Once authenticated on Facebook, the user undergoes a consent ceremony, where they can choose the subset of privileges they want to grant to Twitter to permit the application to perform actions on their behalf. Finally, the user returns automatically to Twitter, where they can resume posting tweets, which now appear on their Facebook wall as well. The relationship they have set up persists indefinitely or until they decide to break it explicitly, using controls found on the settings page.
For the user, this is a simple and intuitive process—and indeed, that is much of OAuth’s appeal. But underneath the hood is a much more complex interaction between the sites, often called the OAuth dance. Three-legged OAuth is the popular name for the scenario described here; it is the most typical use case for the OAuth 1.0a specification, now published as RFC 5849.

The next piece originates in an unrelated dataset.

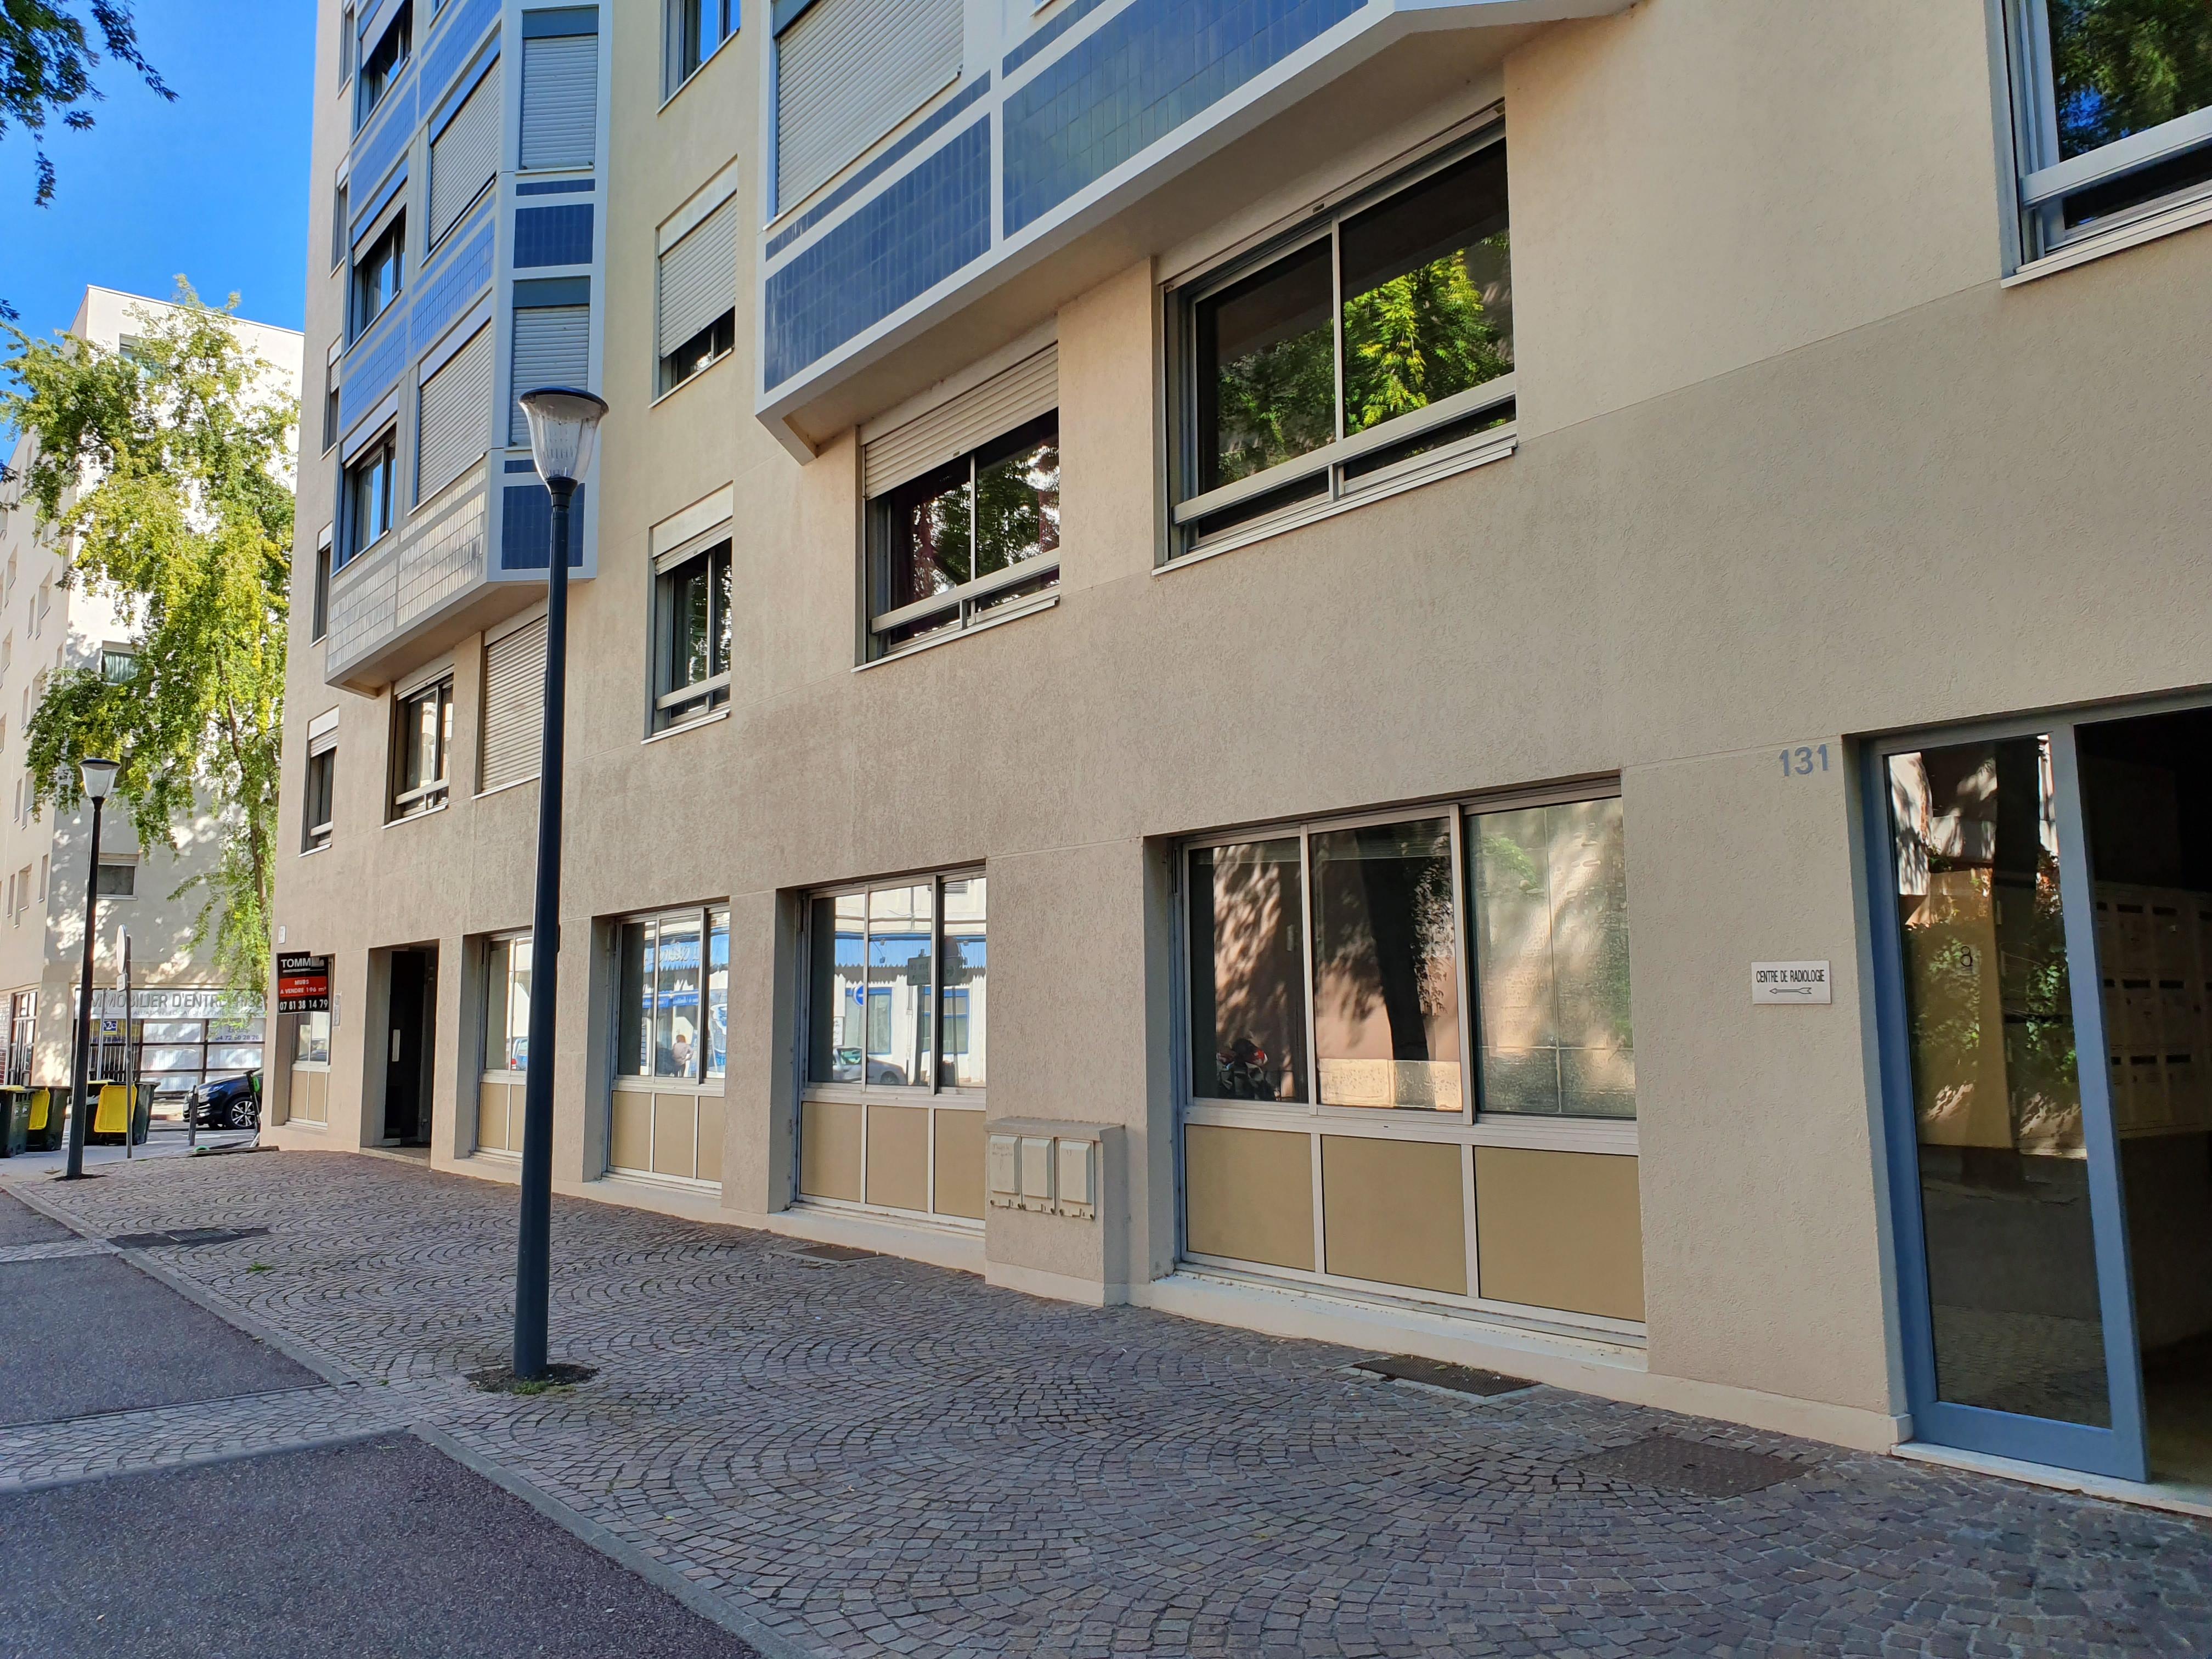 LYON 6 – Rue Vauban – Secteur Garibaldi-Vendôme – A VENDRE BUREAUX LIBRES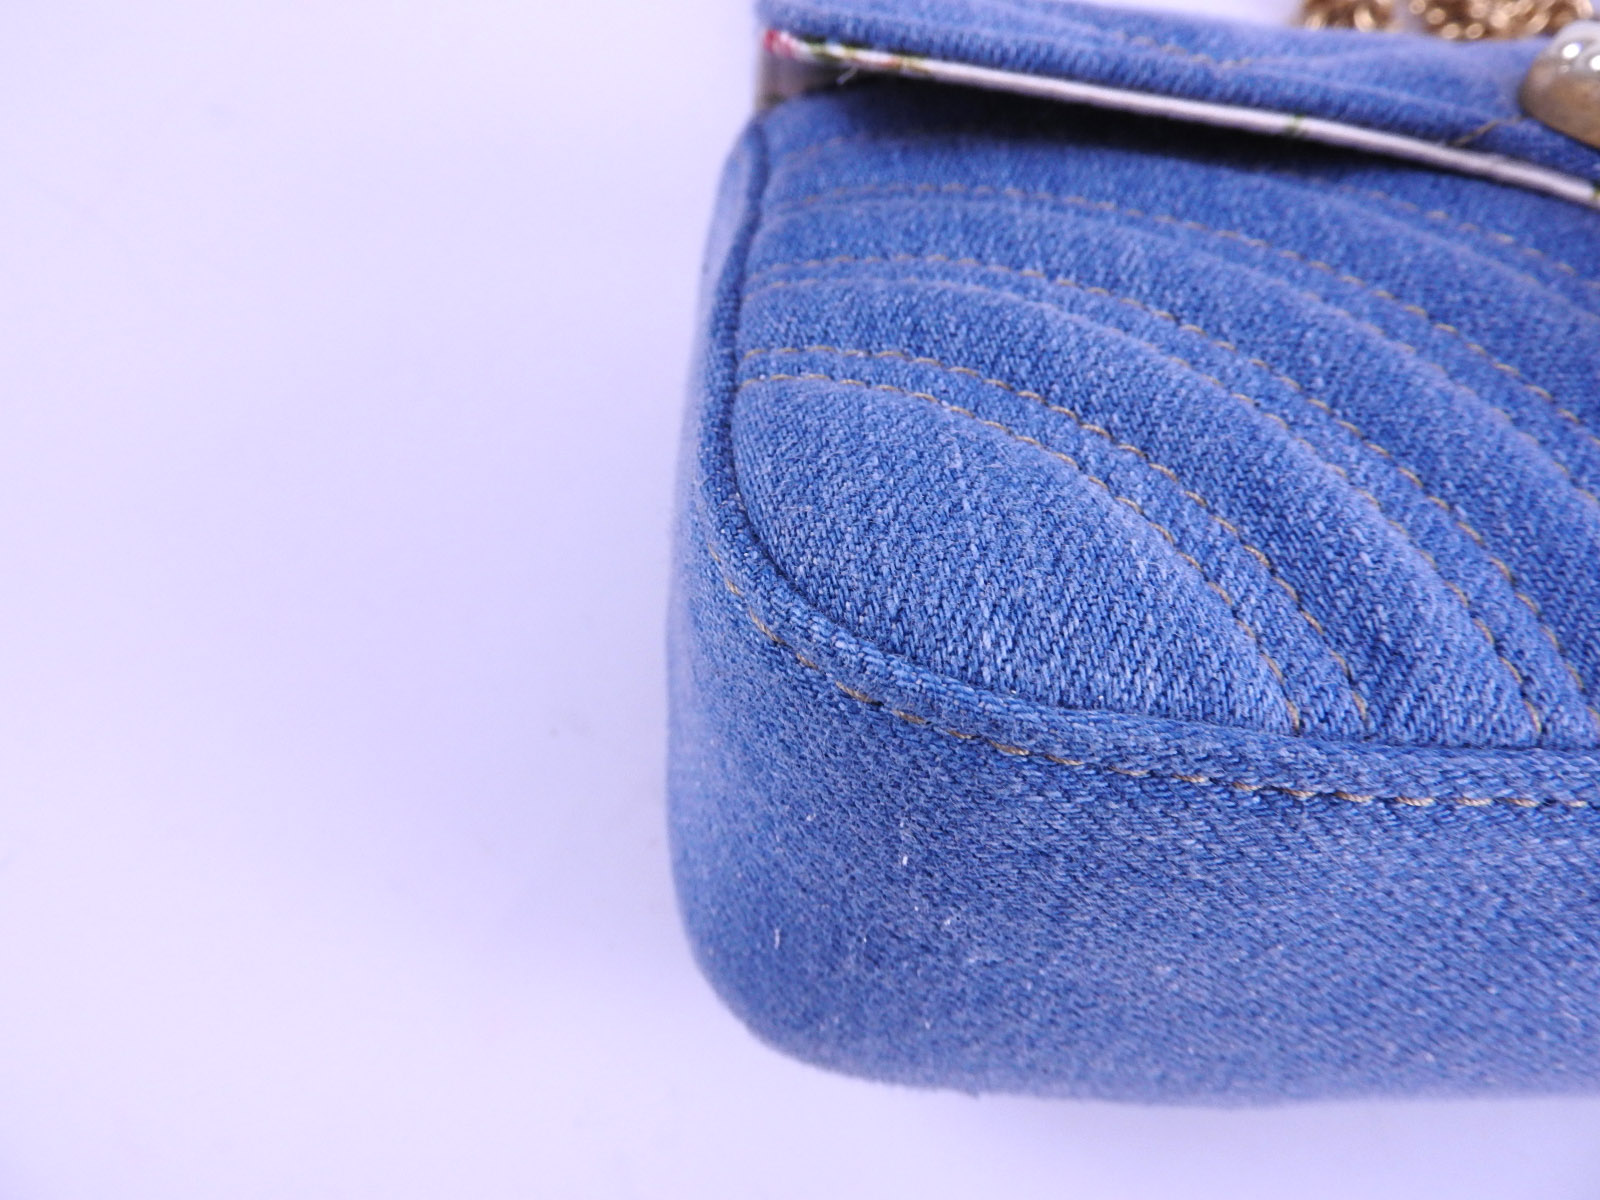 f0258cc90c3 Auth GUCCI GG Marmont Chain Shoulder Bag Blue Chevron Quilting Denim ...

This specification is detailed but surprisingly narrow. It defines the redirection flow that allows a user to associate their accounts, to authorize a limited subset of operations and return an opaque token that Twitter can persist safely for access instead of an all-powerful password. It even details—at least in the 1.0 version—a method for binding the token to parameter content using digital signatures, thus allowing integrity checks on content submitted over unencrypted channels.
One of the strengths of the OAuth 1.0a specification is that, rather than attempting to define a generalized authorization framework, it instead set out to offer a solution to the common design challenge described above. It was a grass-roots initiative by people with a problem to solve and its timing was perfect. Unsurprisingly, it became wildly successful, seeing implementation on sites such as Google, DropBox, SalesForce, FourSquare and LinkedIn.
OAuth, however, is evolving. Version 2, which was published in October 2012, ambitiously aims to satisfy a much more generalized set of use cases. This naturally adds complexity to the solution and adds to the difficulty faced by developers trying to implement it to protect enterprise APIs.